SAND-06: Pre-Execution Code Scanning

Before agent-generated code is executed, scan it for dangerous patterns.

Scanning Targets

Pattern Risk Action
Network calls (requests, urllib, socket, fetch) Data exfiltration Block unless network access explicitly permitted
File system access outside declared paths Unauthorised read/write Block
Subprocess/shell execution (os.system, subprocess, exec) Sandbox escape Block or flag for review
Package installation (pip install, npm install) Supply chain attack Block unless pre-approved
Encoded/obfuscated code Evasion attempt Flag for review
Resource-intensive patterns (infinite loops, fork bombs) DoS Flag, rely on resource limits as backup
Credential patterns in code Credential exposure Redact and flag

Limitations

Code scanning catches known dangerous patterns but is inherently incomplete — the sandbox resource limits and isolation are the primary controls. Code scanning is defence in depth, not a replacement for sandboxing.

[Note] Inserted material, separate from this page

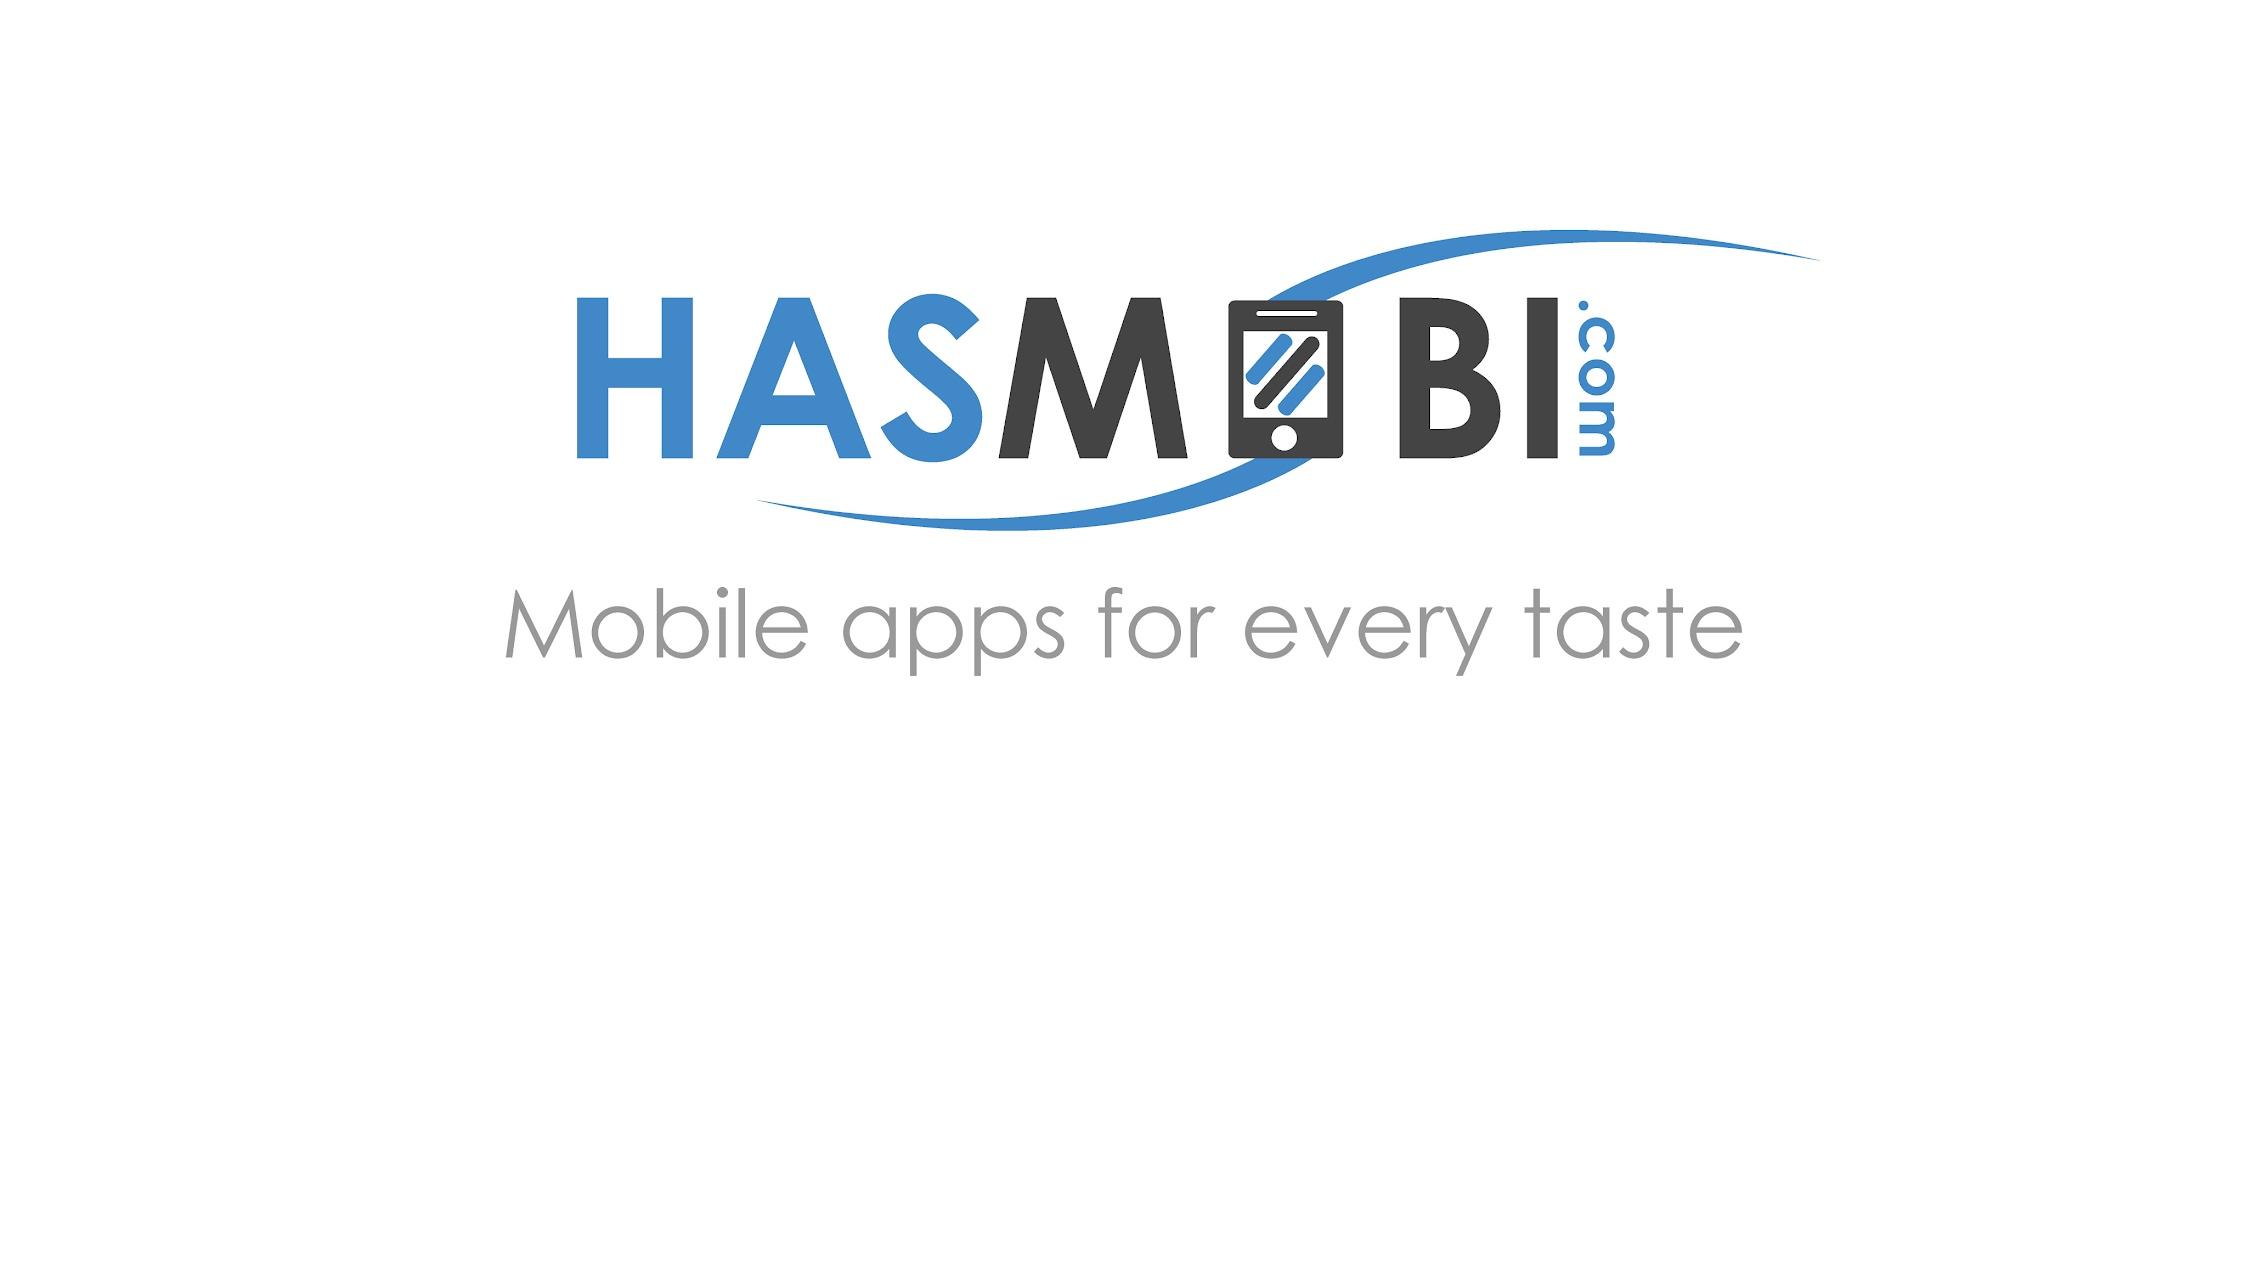 hasMobi.com

Platform-Neutral Implementation Checklist

  • All agent-generated code executes in isolated sandbox environments
  • Isolation level selected based on risk tier and code capabilities
  • File system access restricted to declared input/output paths
  • Default: no network access from sandbox
  • Network access (when required) allowlisted, proxied, and logged
  • Resource limits enforced at OS level (CPU, memory, disk, processes)
  • Sandbox environments ephemeral — no persistent state across executions
  • Pre-execution code scanning for dangerous patterns
  • Sandbox execution logged with code, output, resource usage, and duration
  • Sandbox escape attempts detected and classified as security incidents

AI Runtime Behaviour Security, 2026 (Jonathan Gill).